Though Iranophobia employs Moral Panic Theory in an innovative way through an understudied case, at times the theoretical arguments Ram proposes could benefit from a more sustained engagement. While a fundamental aspect of moral panic is the notion of the social reaction’s disproportionality, Ram does not consistently make the case that the responses are disproportionate to the material threats. This omission reflects Ram’s desire to avoid the danger of sliding into the realm of strategic and security analysis. Iranophobia indeed makes a compelling argument for a reassessment of the basis of Israeli-Iranian enmity; however, Ram elides the geopolitical implications of a nuclear-armed Iran. While his analysis of Israeli responsibility for this threat is quite useful, there are moments when the notion of moral panic does not seem an appropriate metaphor for the possibility of nuclear warfare between two nations. Indeed, Moral Panic Theory—as originally conceived by practitioners at the Birmingham Centre—sought to explain how the social uproar over relatively minor incidents was rooted in deeper cultural anxieties. Thus, Stanley Cohen’s classic work on the social reaction to small-scale disturbances at a British seaside resort is shown to relate more to anxiety over shifting post-war value systems than to the incidents themselves. While in some respects this framework aptly describes the cultural anxiety around the Mizrahim—Israel’s so-called “Others within”—it appears somewhat less analytically robust in describing the reaction to a nation of 65 million.
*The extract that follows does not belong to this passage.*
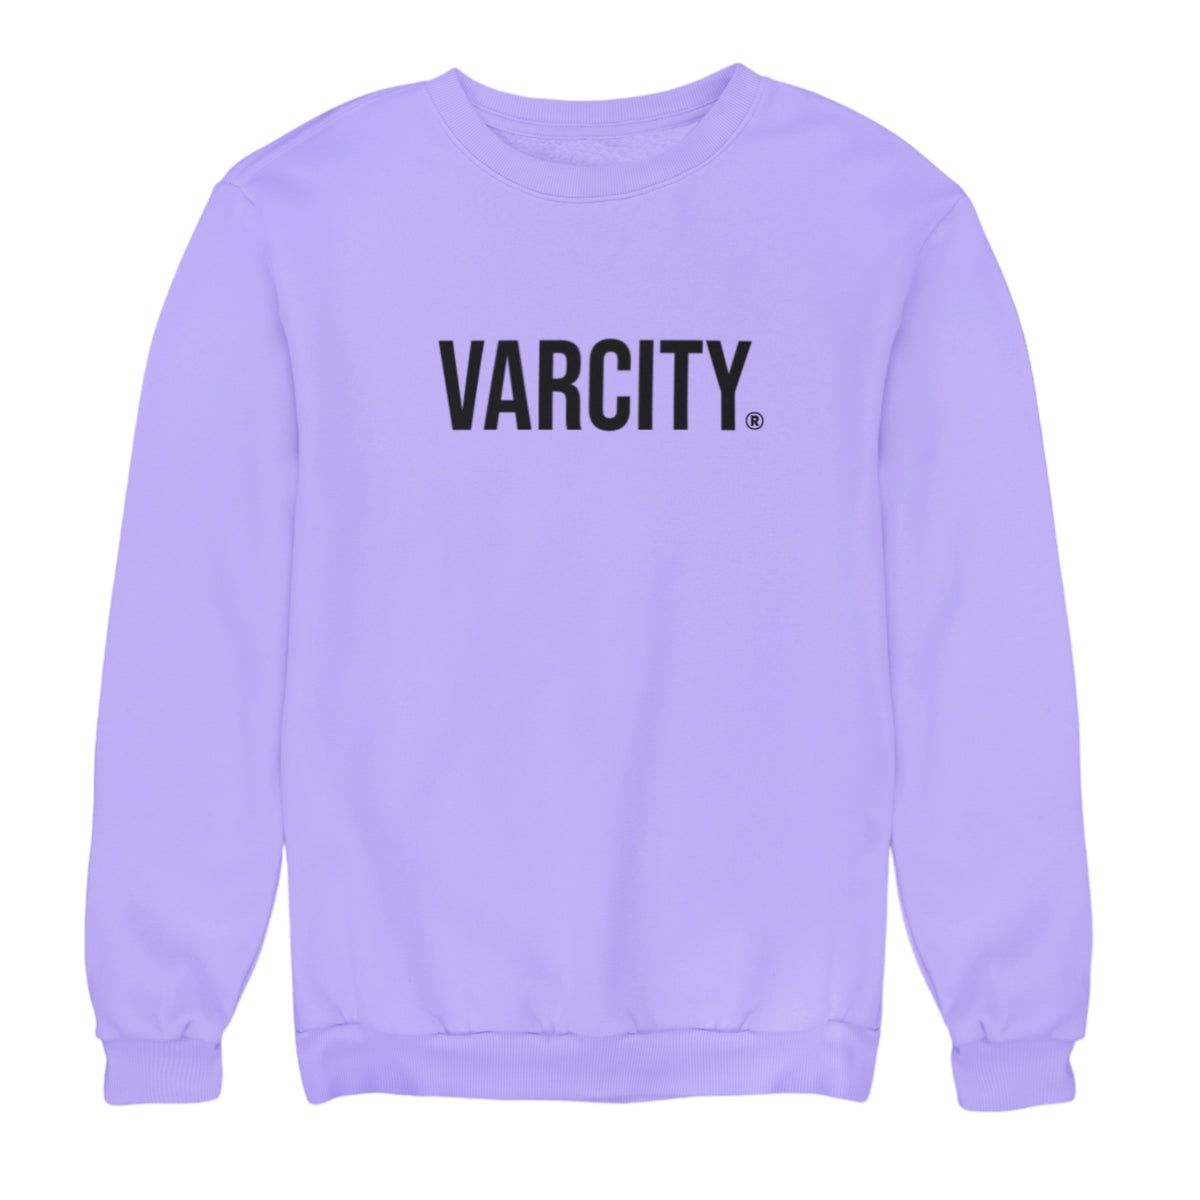 Varcity ® Fundamentals Statement Sweatshirt Lavender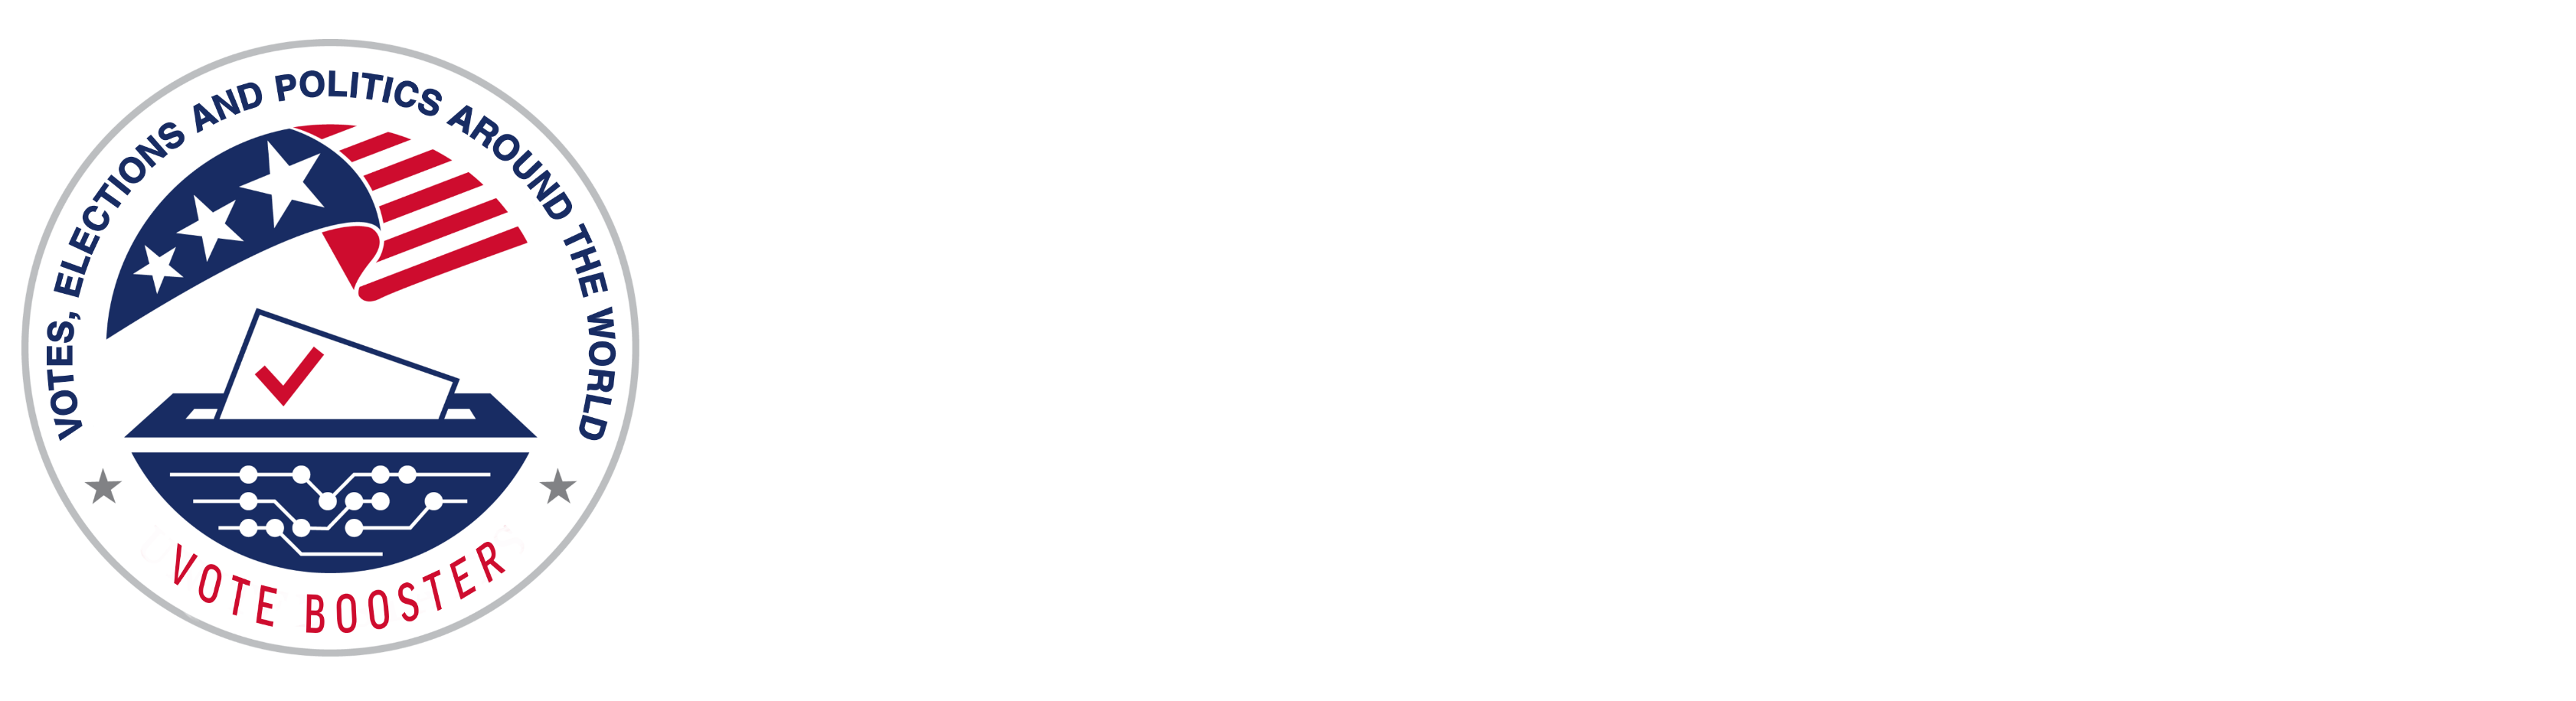 Vote Booster

Whether the threat from Iran is overemphasized or not, it seems somewhat less feasible to assess the relations of two (nearly) nuclear powers within a framework whose very meaning suggests a situation that is not constitutive of a serious threat to society. This is not to say that the threat Iran poses has not been overemphasized by the media and claims-makers (“moral entrepreneurs” in the language of Moral Panic Theory). However, this does not necessarily negate the very real threat of confrontation between the two countries today. In particular, as Ram seeks to analyze the cultural reaction to Iran rather than the geopolitical aspects of this confrontation, it becomes difficult to assert the essential disproportionality of the response without engaging with the geopolitical realities of the relationship. Though Iranophobia covers new ground in articulating the discursive logic of this reaction, at times a more critical engagement with the veracity of Israeli claims would go a long way in proving the disconnect between fears and reality. These challenges aside, Iranophobia presents an innovative approach to studying Israeli-Iranian relations and should be seriously engaged with by anyone interested in the cultural foundations of this relationship. As consent among the local population is essential for any state’s long-term geopolitical strategy, the discursive underpinnings of society’s reaction provides unique analytical insights, as Ram has proved to great effect in Iranophobia.